Books: Mabuhay Jazz (Jazz in Postwar Philippines)

Recently purchased a copy of Richie Quirino’s second installment on the rich history of Pinoy Jazz entitled Mabuhay Jazz: Jazz in Postwar Philippines.  I have to admit, a lot of the places and artists that Mr. Quirino talked about in the book were names I was vaguely familiar with.  Even so, Mr. Quirino’s anecdotes and collection of photos not only gives us a good sense of just how rich our country is steeped in Jazz tradition, but also how great a role Jazz played in our culture at the time.

The last part of this book is a collection of interviews of influential modern jazz artists here, from Aya Yuson, Gerard Salonga to Mar Dizon himself.  A few quotes to leave you from Sir Mar as we enter the holiday season:

“For me, I don’t have the authority to teach techniques because I don’t even know if my techniques are correct.  I share with them the realization of my experiences that made me grow, and then I correct them first from whatever bad habits they have developed.  I will just listen to their sound trying to figure out what’s wrong.  Sometimes people don’t have techniques of their own.  You will find it when you listen to their record. ”
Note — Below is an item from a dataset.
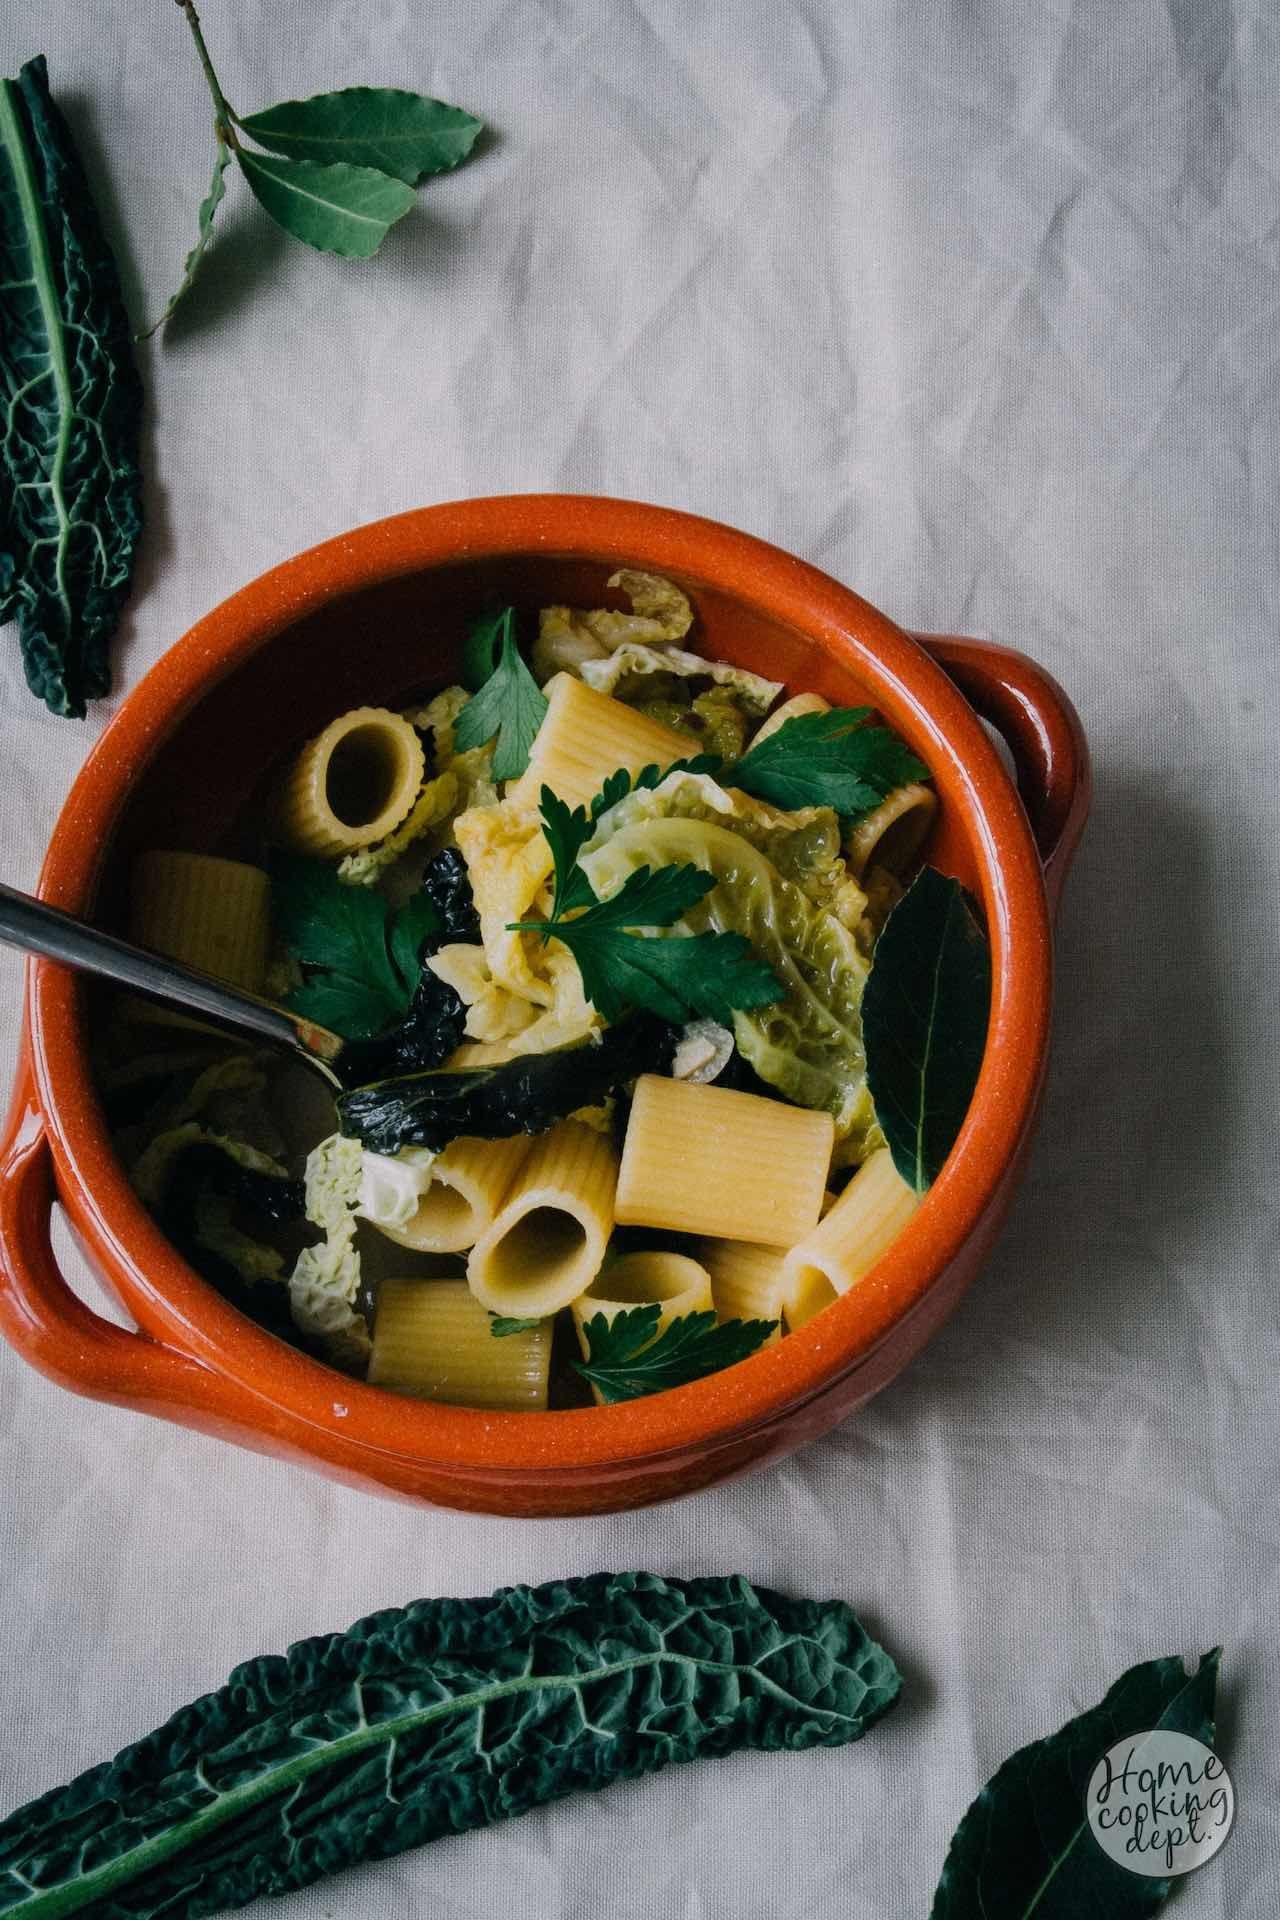 kale recipe / Parmezaanse kaas bouillon en boerenkool, pasta soep / Fotografie: Homecooking dept.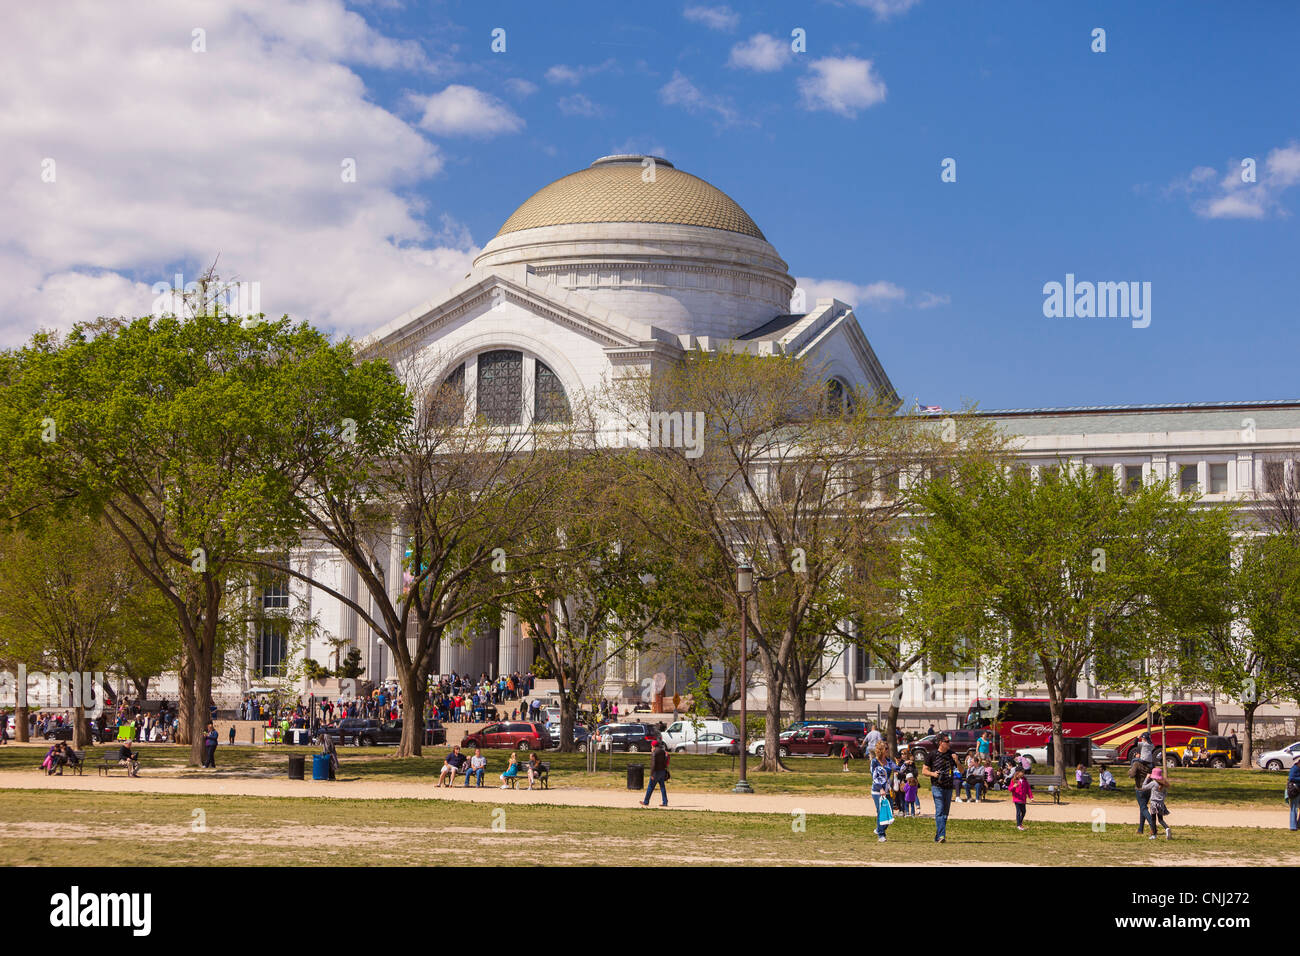 WASHINGTON, DC, USA - Smithsonian Museum of Natural History. - Stock Image

(On attending the 1994 North Sea Jazz Festival, headlined by John Scofield and the Pat Metheny Quartet):

“They had fourteen venues simultaneously performing jazz music from four in the afternoon until two in the morning.  Very fine jazz musicians from all over the world took part.  It seemed like a smorgasbord when you are there … It was really very tiring but it was all worth it.”

“My ideal music would be similar to the album produced by Bob Aves.  But before, my ideal group was Weather Report, something like that and you already know what it is.”